Q: Actually I need to ask about another subject.

Q: Go ahead.

Q: The anthrax vaccine issue has come up again. Some members of the Connecticut Air National Guard have refused to take it, and I think some of them have even resigned over the issue. Do you have anything on that?

A: I do. What do you want? (Laughter)

Q: Get out the old boilerplate.

A: First of all, the reason we're requiring members of the military to receive anthrax shots is that we think it's a very important and very safe force protection measure. As you know, biological warfare is one of the emerging threats we face, and the anthrax vaccine was certified by the Food and Drug Administration in 1970. It's been used since then by veterinarians, by people who deal with cattle, and by some soldiers and others with a very good record of safety. It's proven itself safe and reliable. It works, and it does not have side effects.

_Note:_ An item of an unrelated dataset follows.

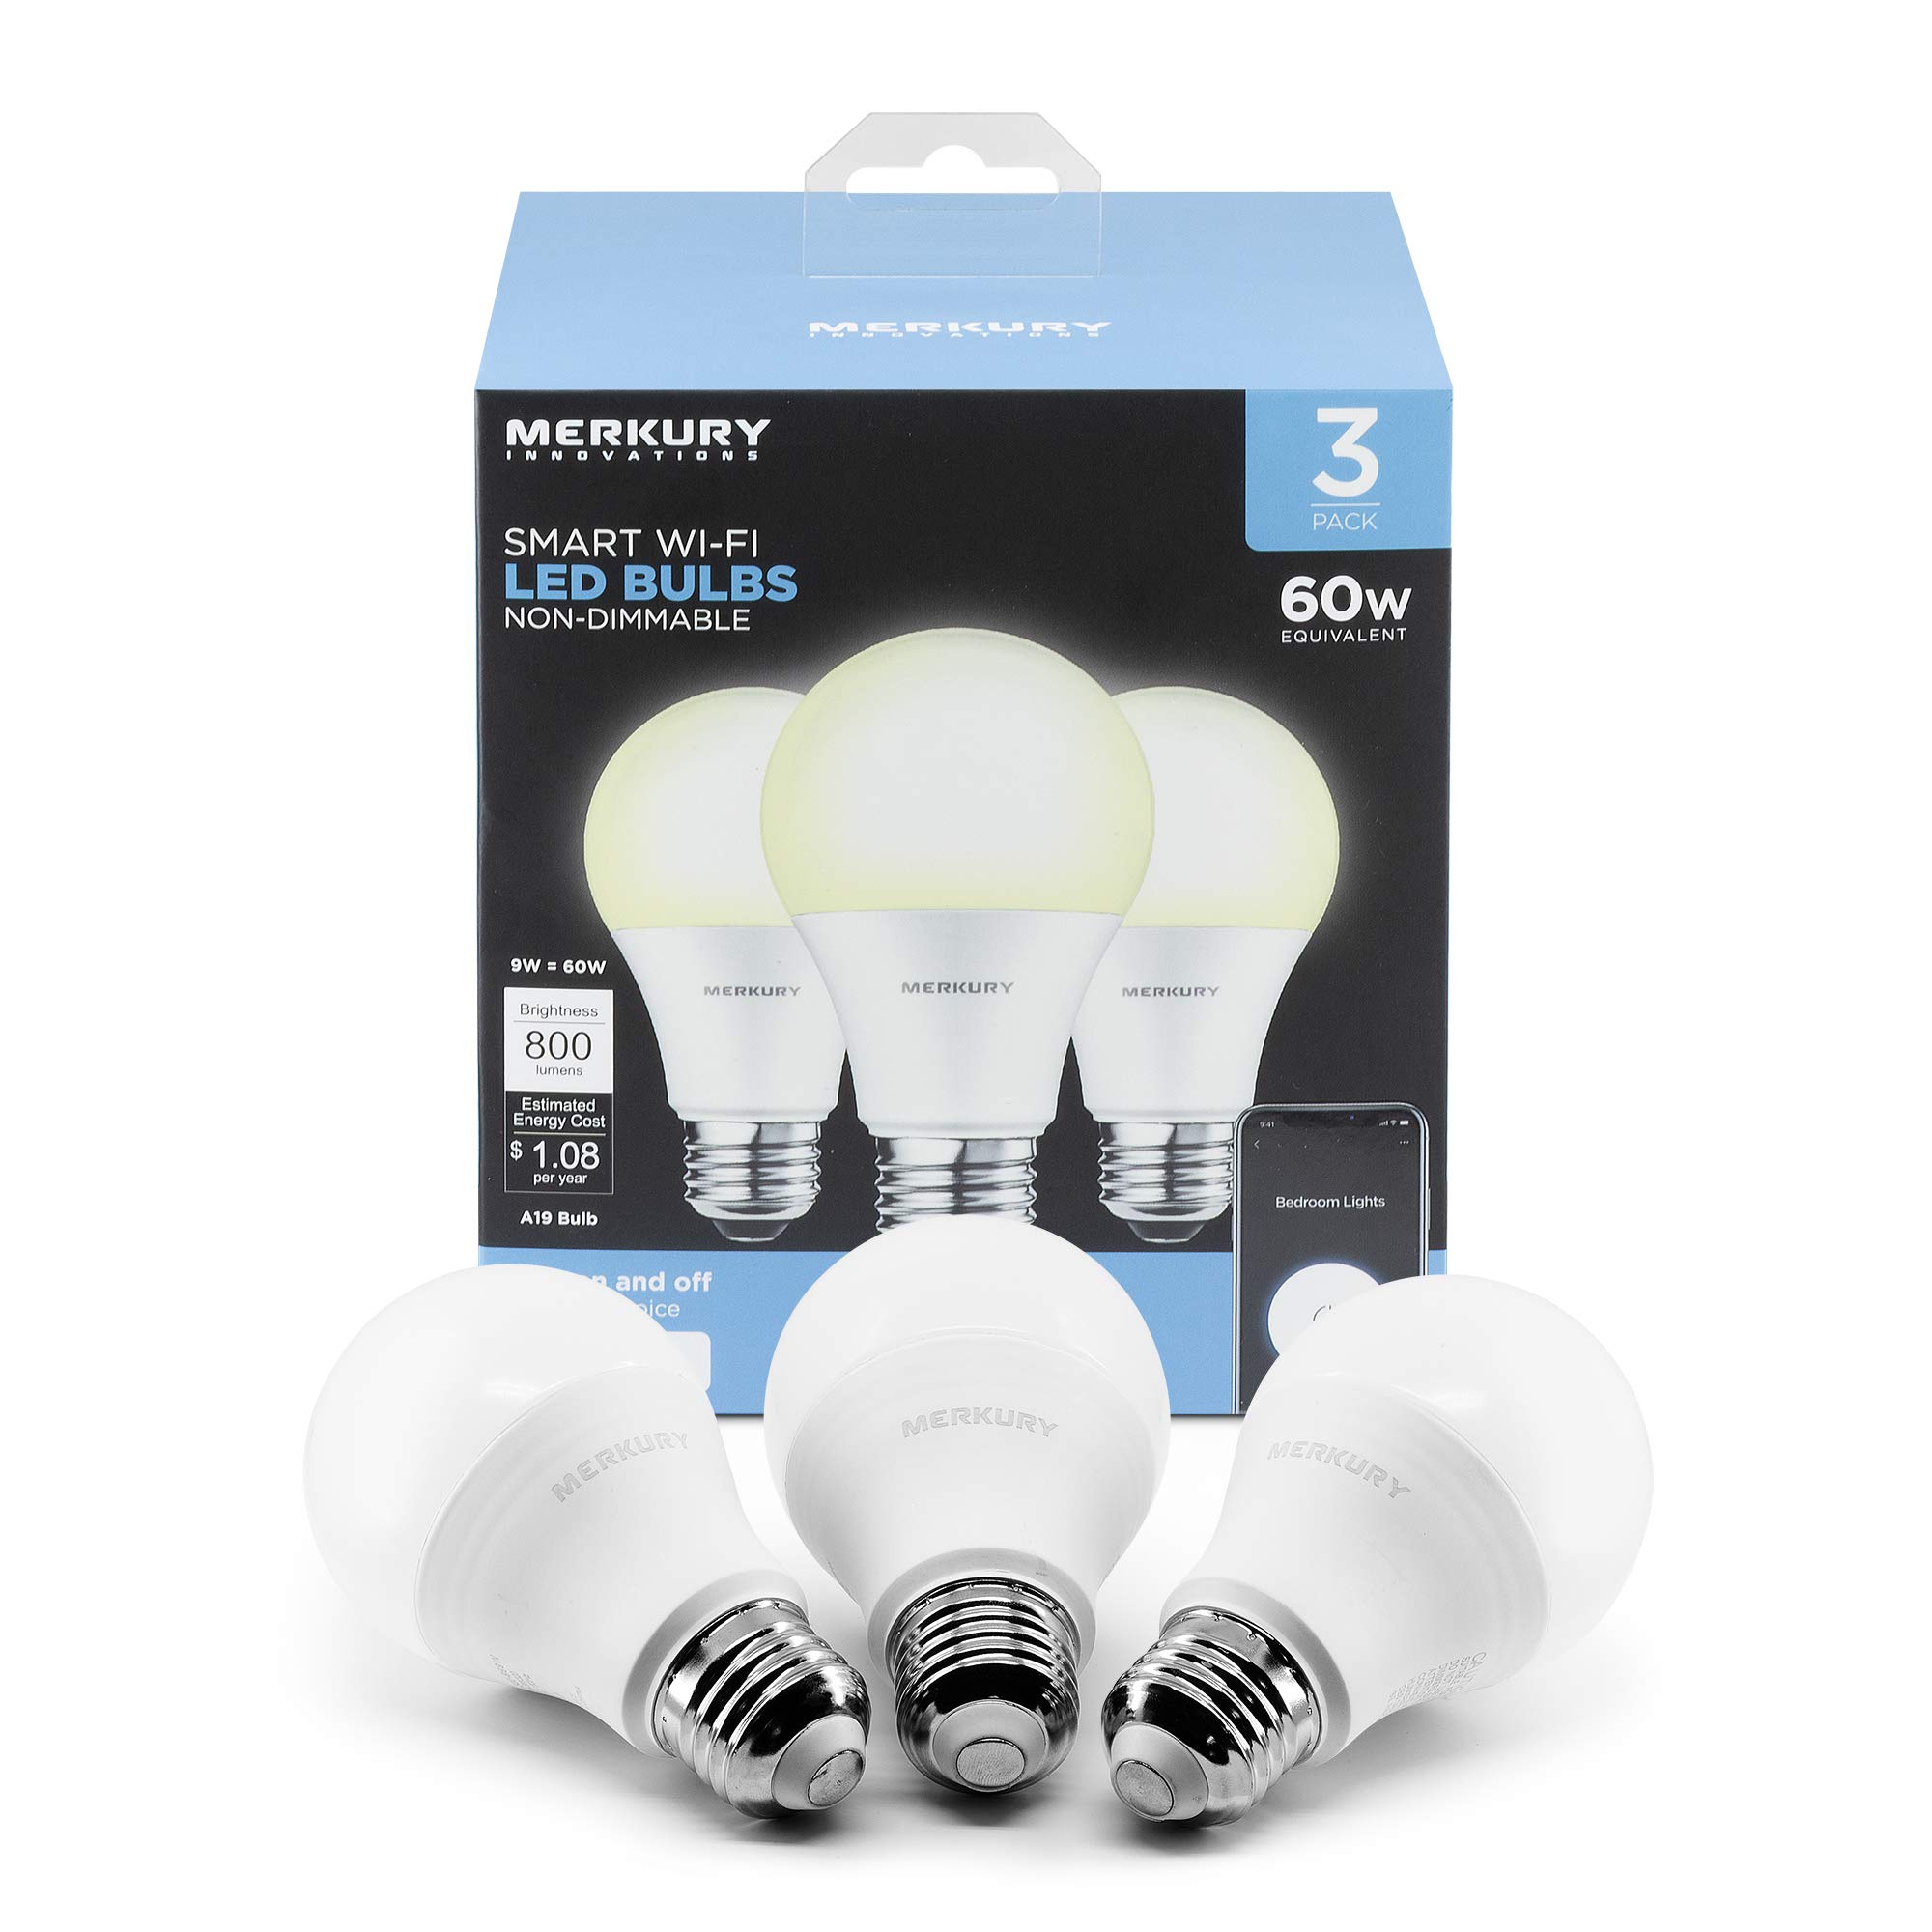 Merkury Innovations A19 Smart White LED Bulb 60W Non-Dimmable 3-Pack, Voice Control, Hub Compatible, 9 Watt, 800 Lumens, 3 Pack

We have given now I think shots to nearly 170,000 people in the military starting with Secretary Cohen and General Shelton and Deputy Secretary Hamre in this building. Secretary Danzig, Secretary of the Navy Danzig had shots more than a year ago, a year and a half ago when he was under secretary of the Navy. All these people are fine.

We think that this has been proven safe, and we think it is a very good way to deal with the risk that people could face on the battlefield. The reason members of the 103rd Fighter Wing of the Connecticut Air National Guard based at Bradley Field outside of Hartford were being given these shots is that they're scheduled to deploy to the Gulf later this year. And therefore, because we are giving these shots first to people going to Southwest Asia, and, secondly, to people in or going to Korea, and then after that, people who are likely to deploy to these or other hot spots, they're in line to get these shots.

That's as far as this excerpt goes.